- **Task details**: Word-for-word transcription: reproduce all of the data, but not the pictures.

- **Given information**:
+ + +

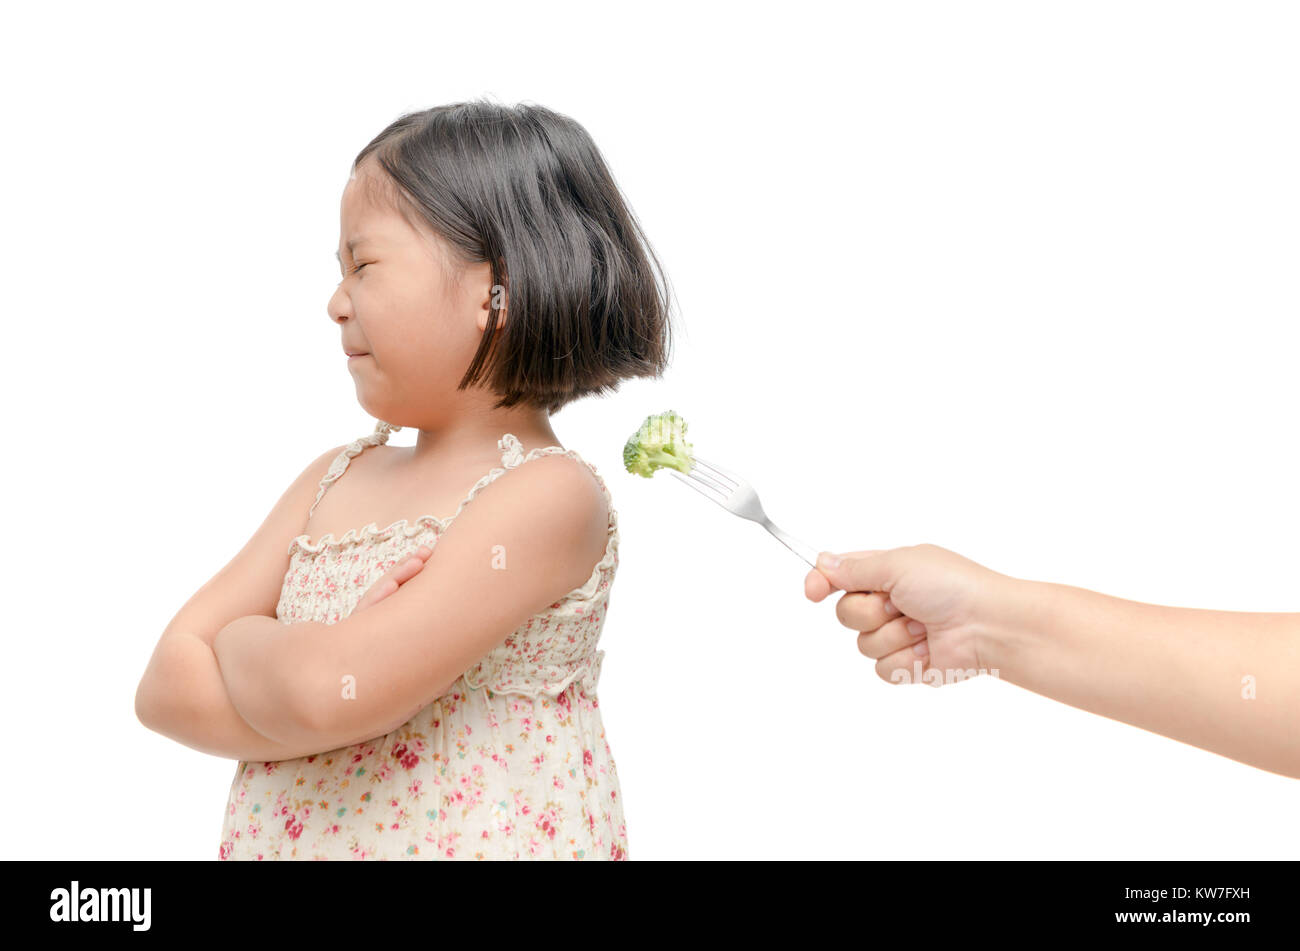 Asiatische kind Mädchen mit Ausdruck der Abneigung gegen Gemüse auf weißem Hintergrund, Ablehnen, essen Konzept Stockfoto
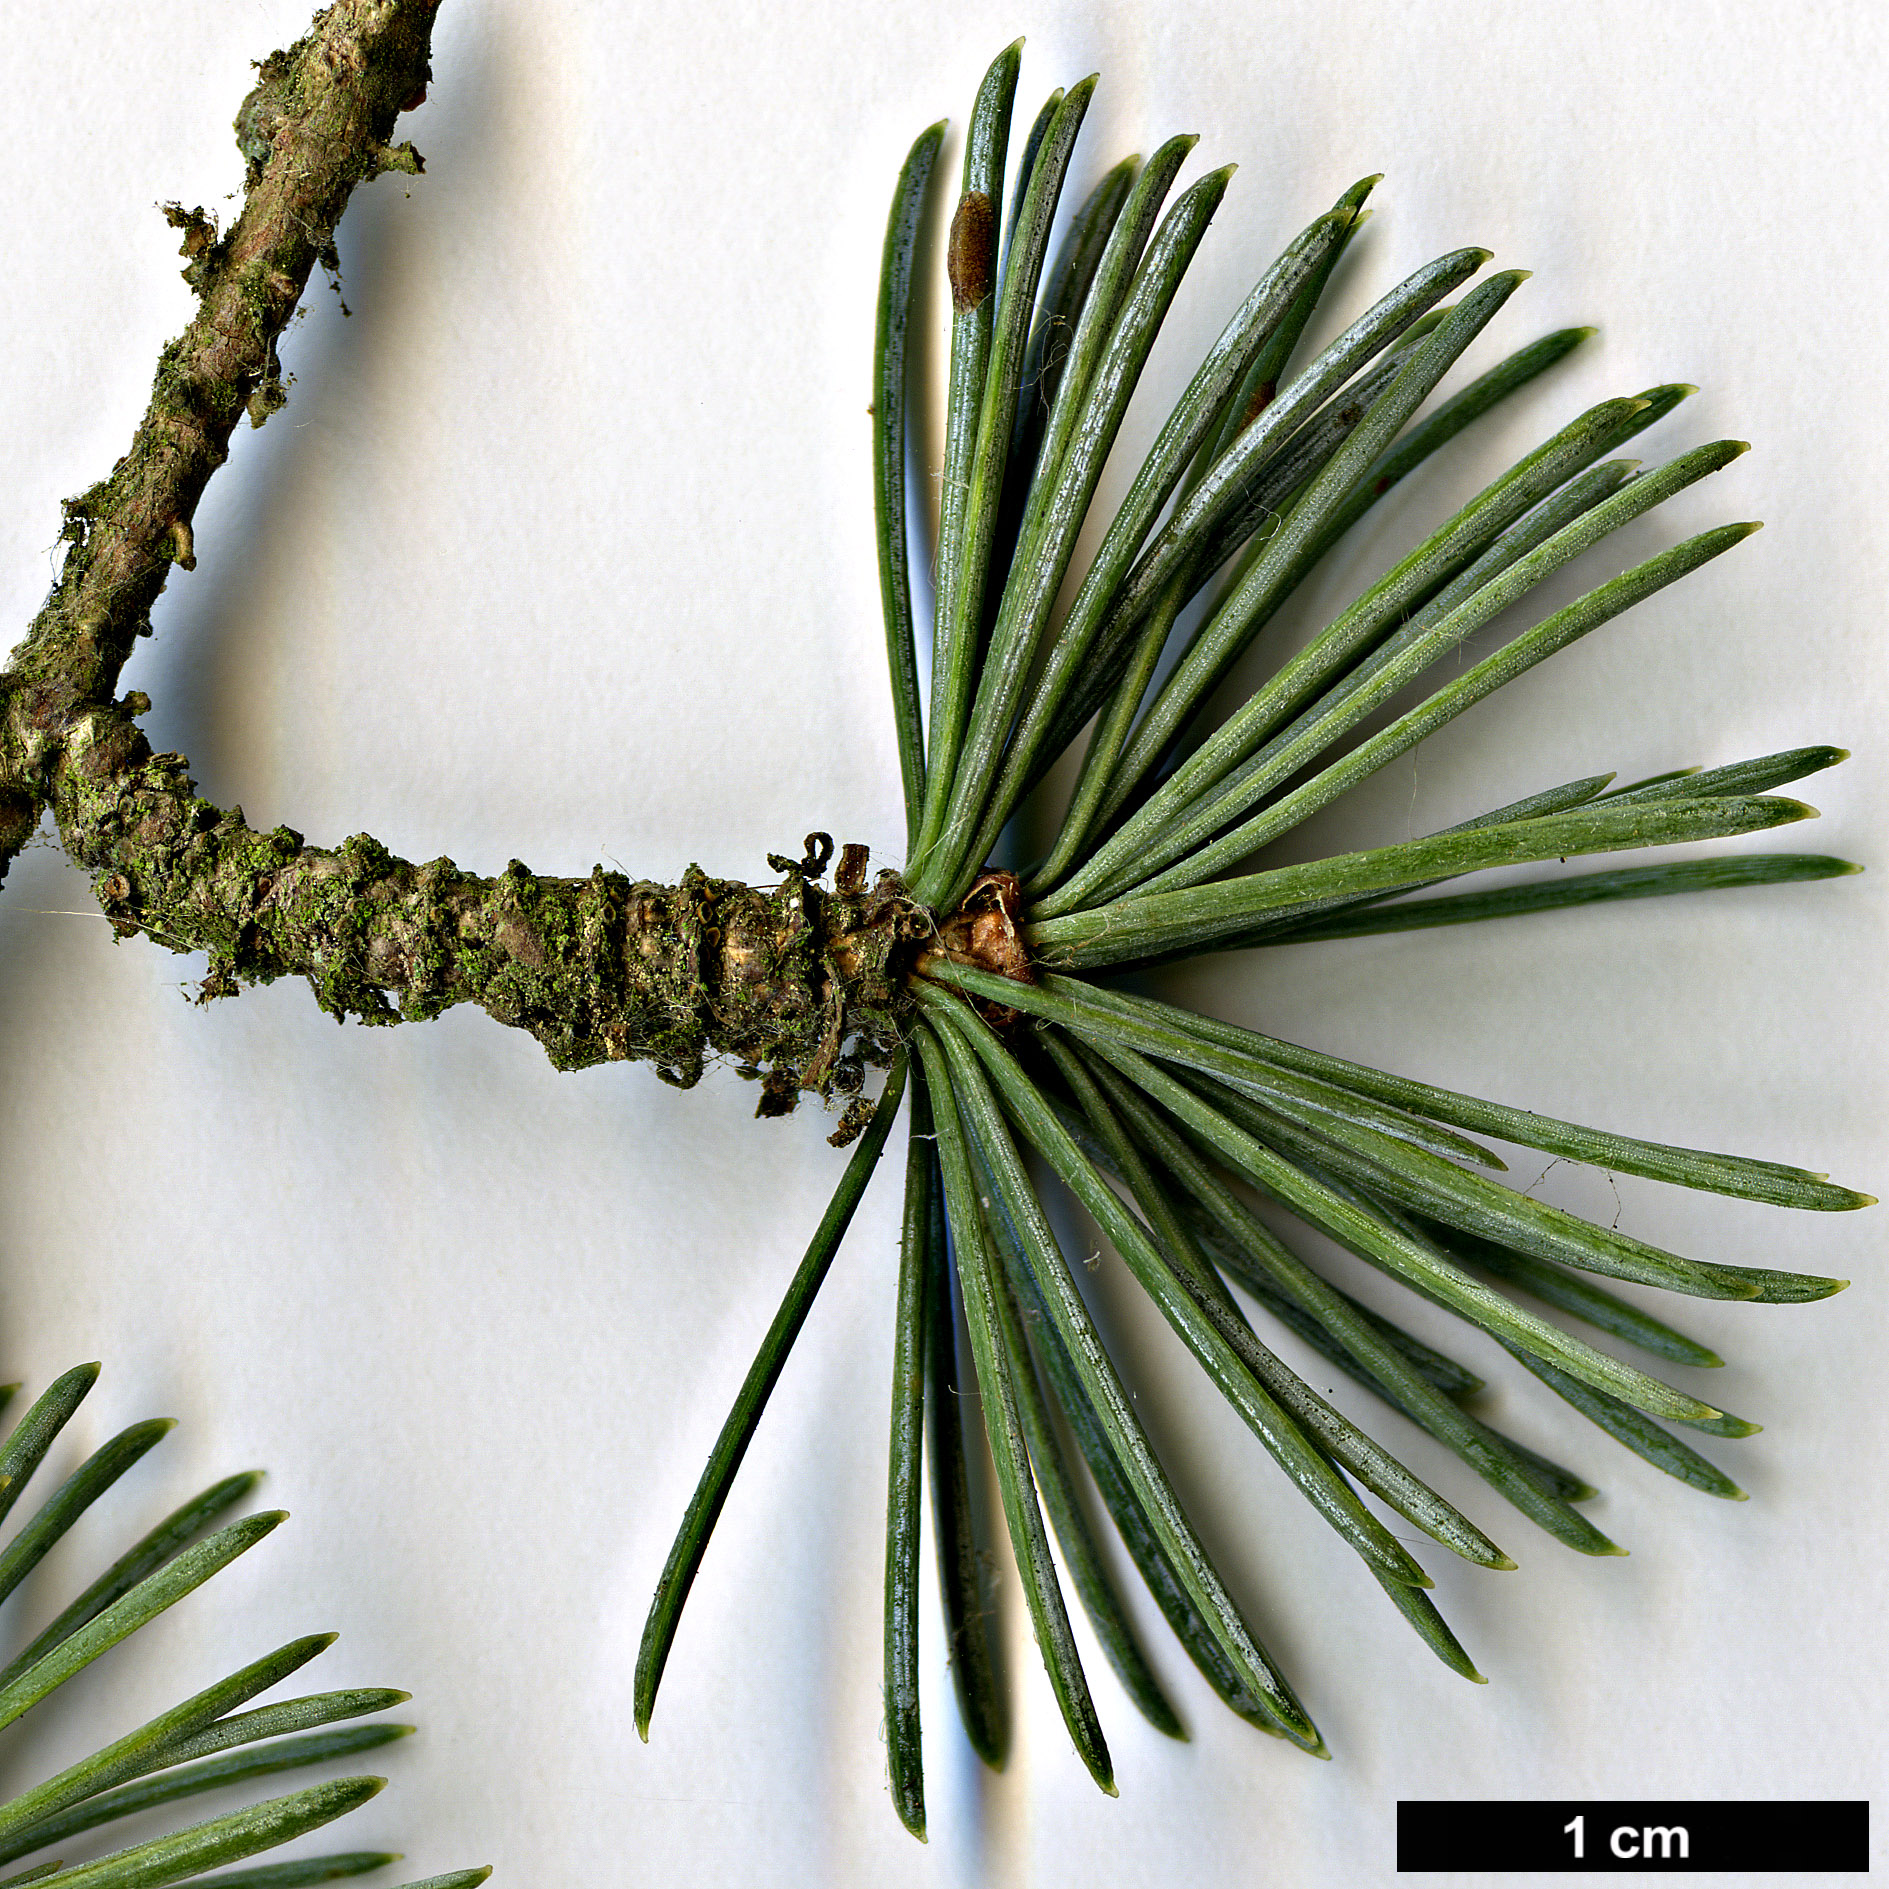 High resolution image: Family: Pinaceae - Genus: Cedrus - Taxon: atlantica
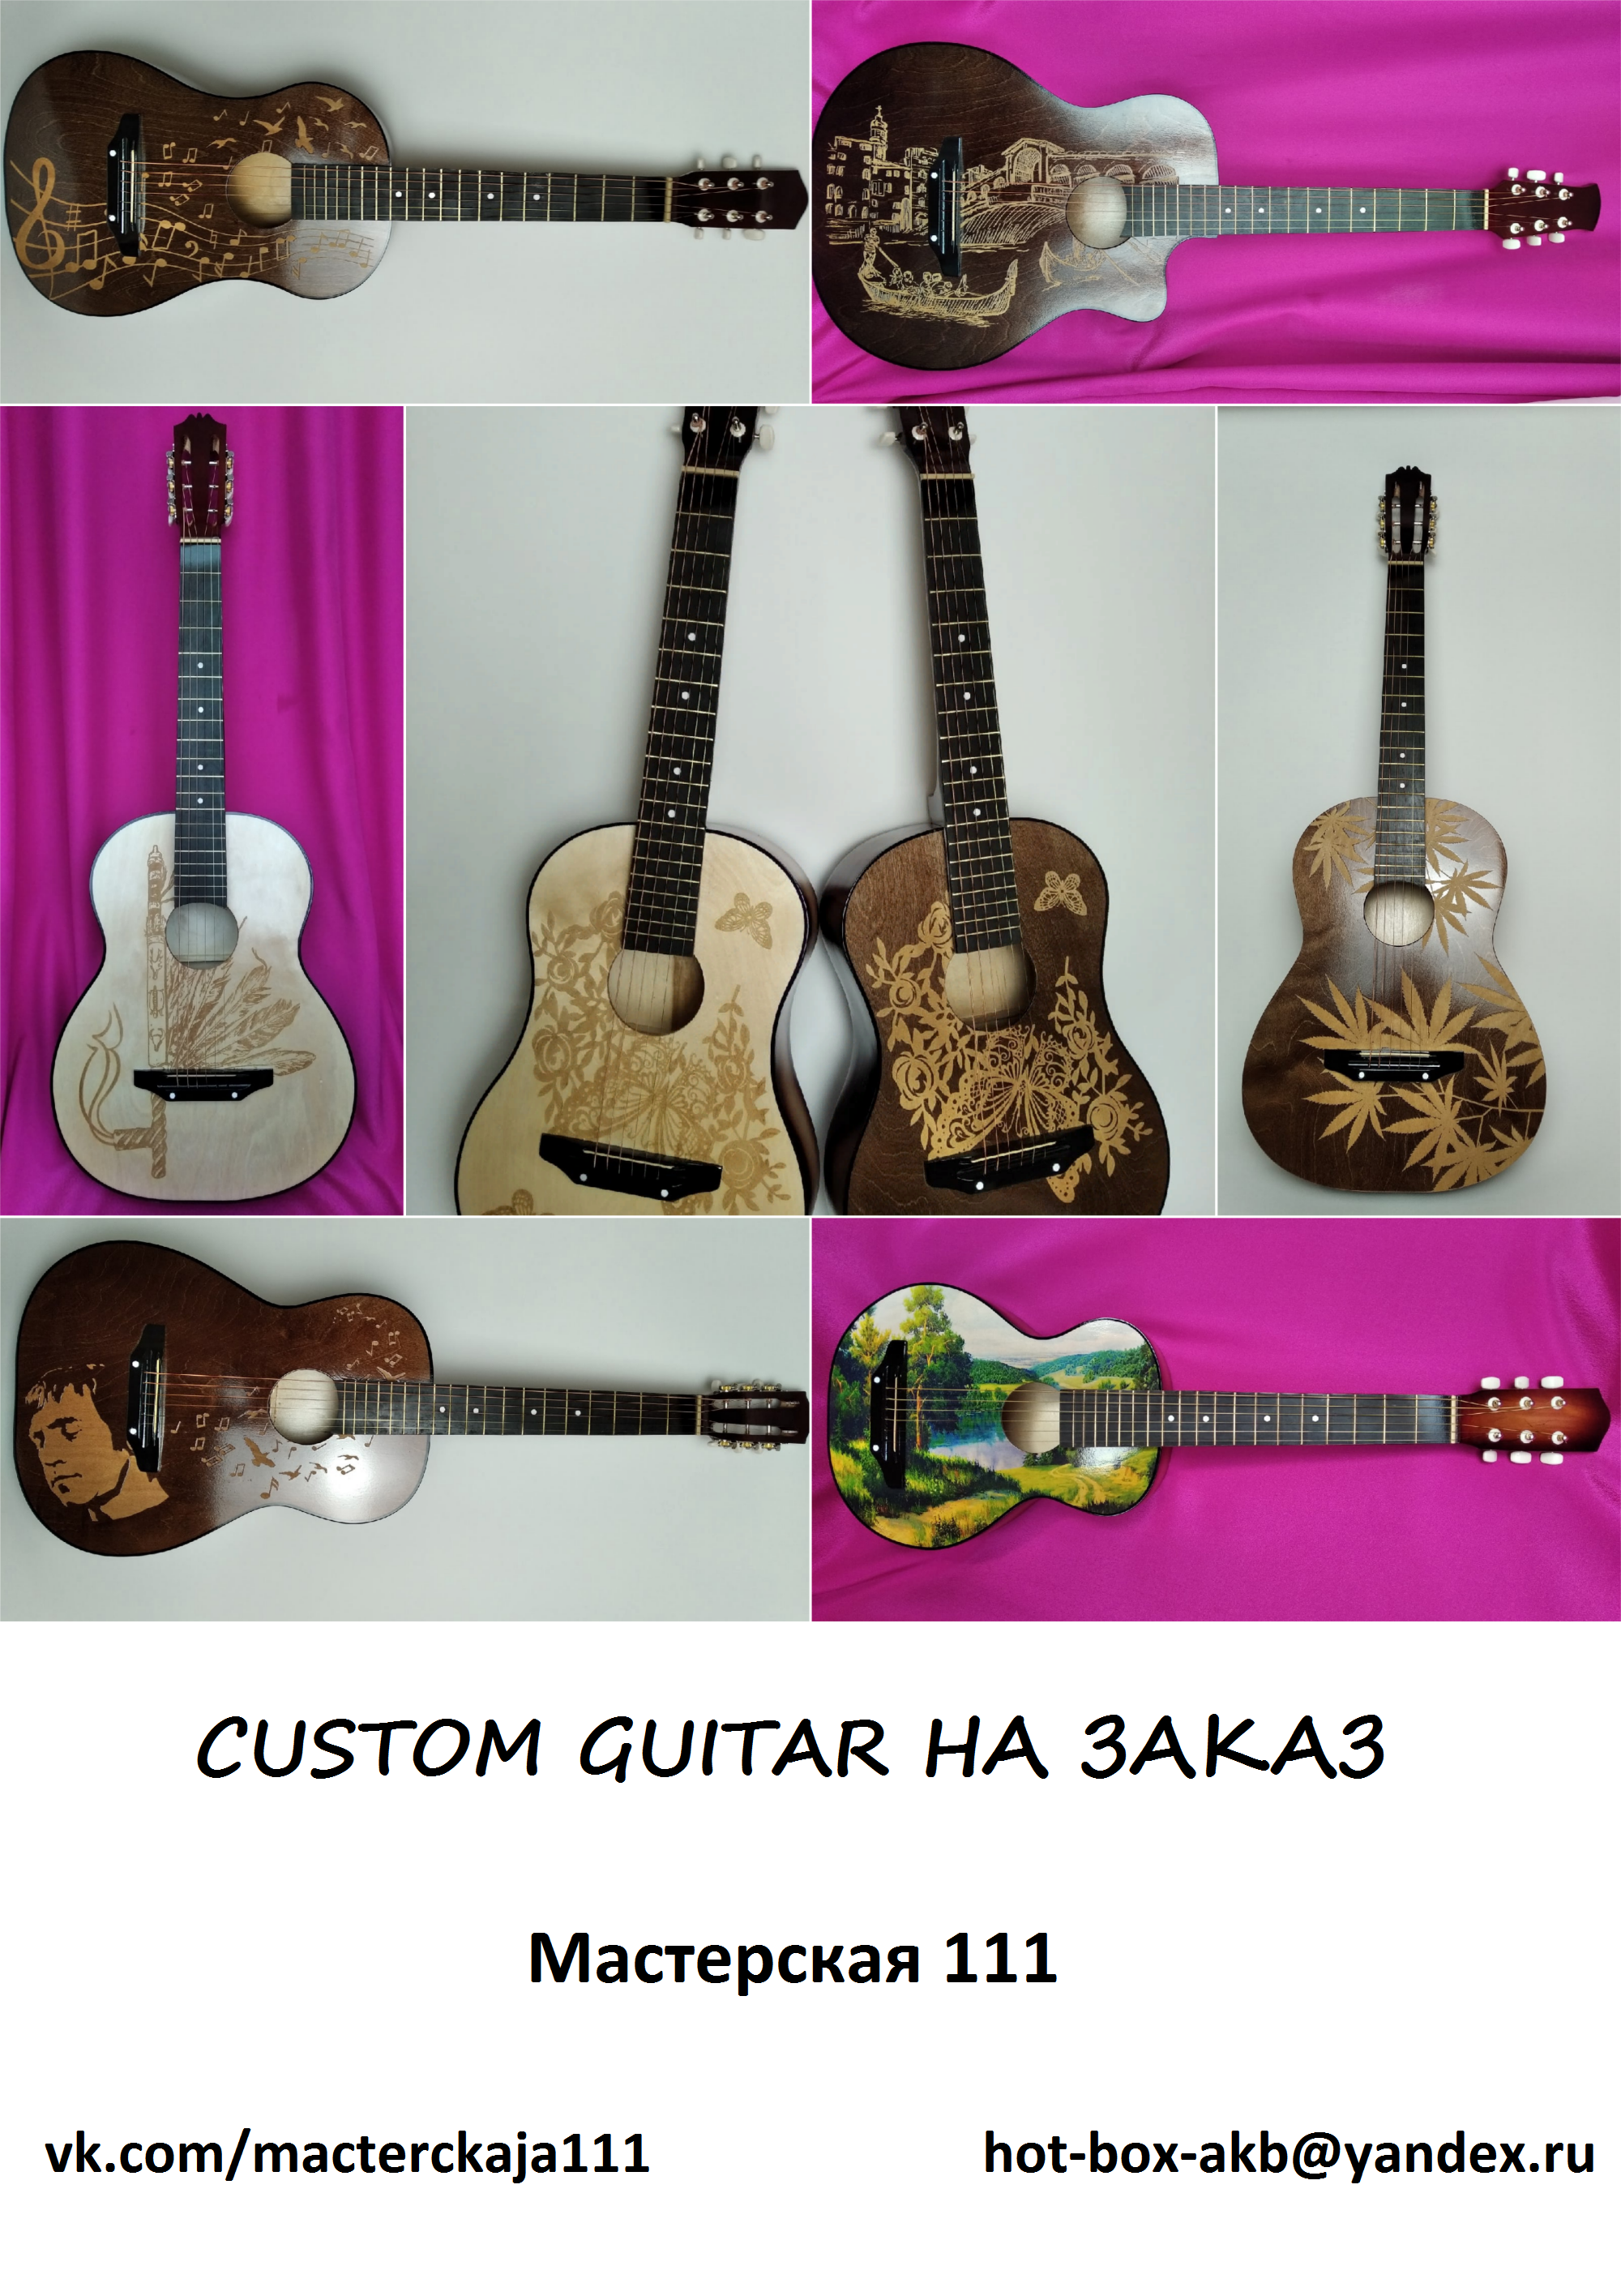 Как мы делаем custom гитары

+ + +

- **Task response**:
 Asiatische kind Mädchen mit Ausdruck der Abneigung gegen Gemüse auf weißem Hintergrund, Ablehnen, essen Konzept Stockfoto
 High resolution image: Family: Pinaceae - Genus: Cedrus - Taxon: atlantica
 Как мы делаем custom гитары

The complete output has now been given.